§ **DATASET SECTION**

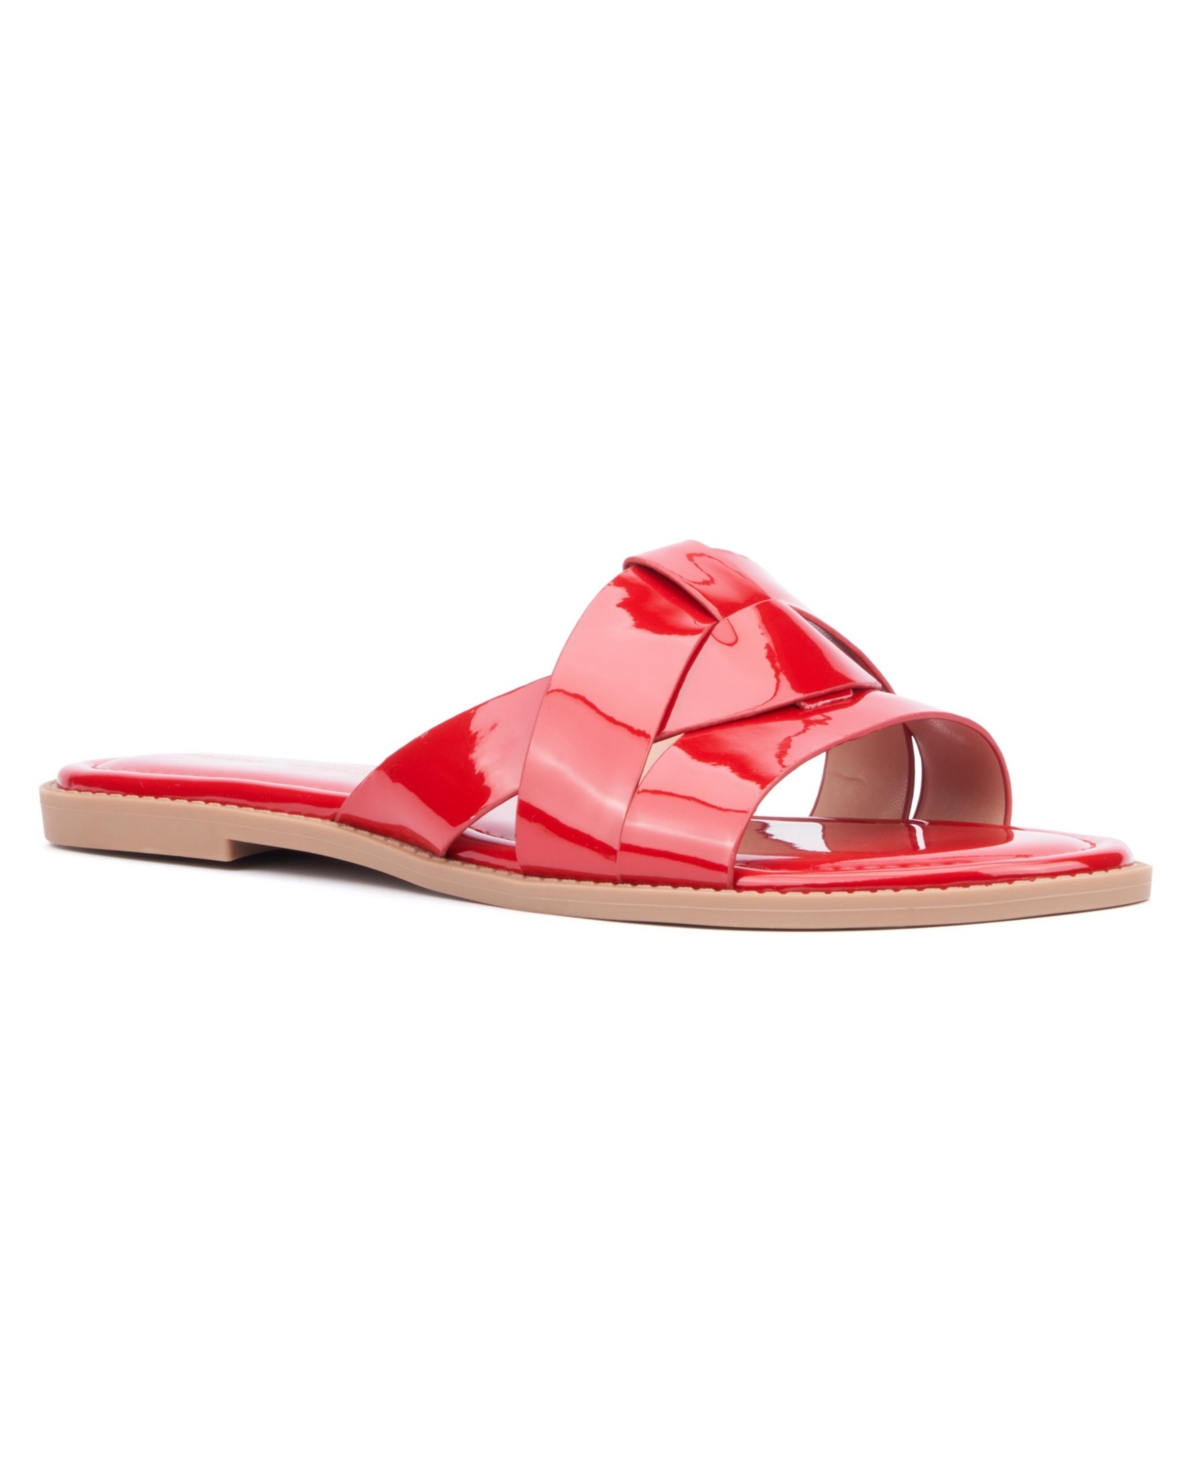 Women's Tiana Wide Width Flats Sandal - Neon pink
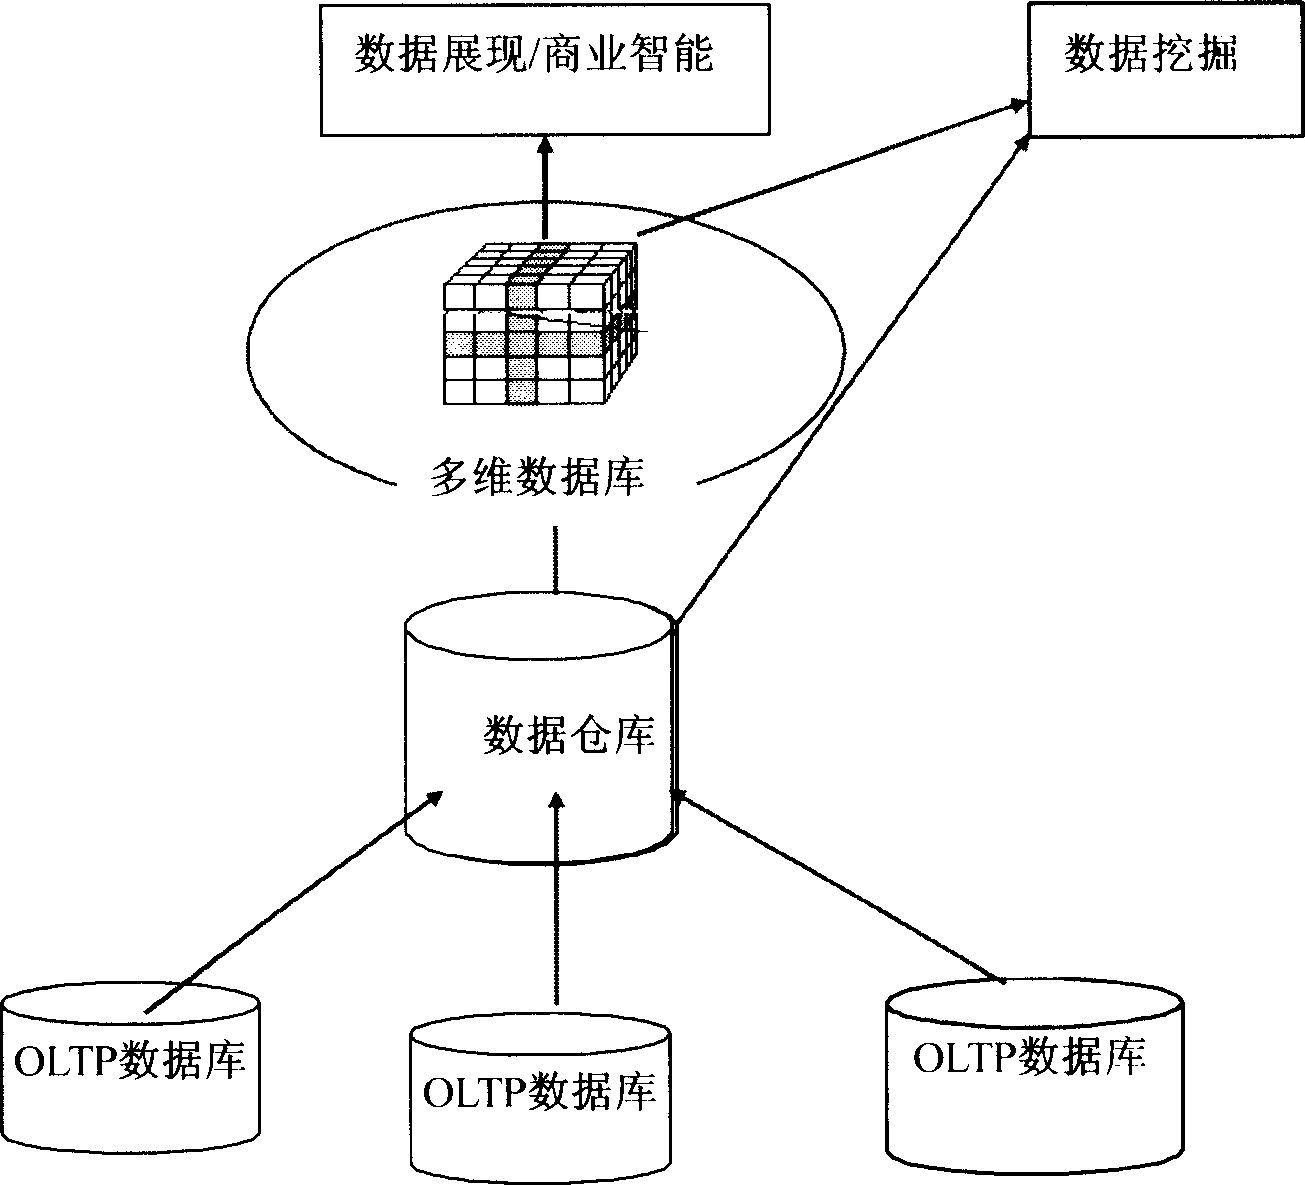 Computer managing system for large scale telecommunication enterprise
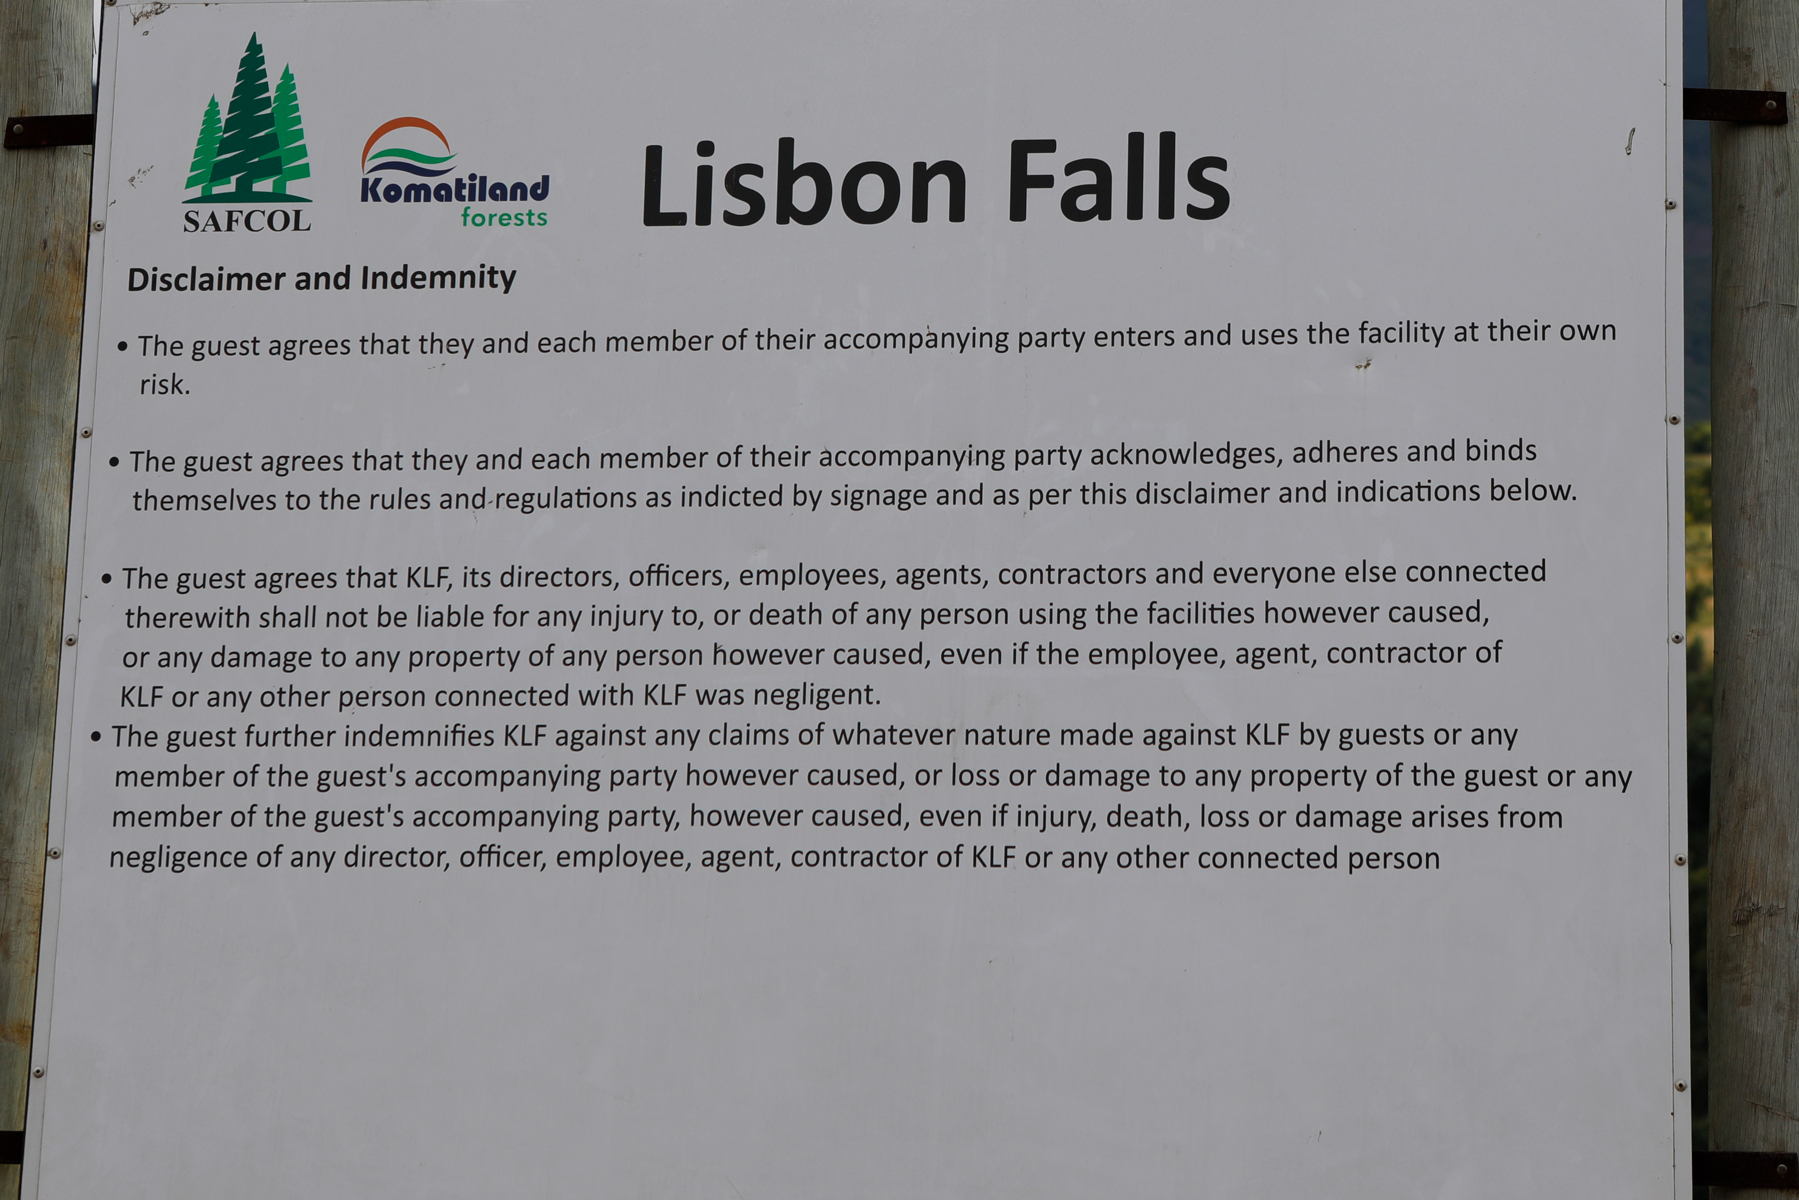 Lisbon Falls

§ **TRY IT**
When you copy the data above, reproduce each line exactly and skip every image.

§ **SOLVED EXERCISE**
 Women's Tiana Wide Width Flats Sandal - Neon pink
 Computer managing system for large scale telecommunication enterprise
 Lisbon Falls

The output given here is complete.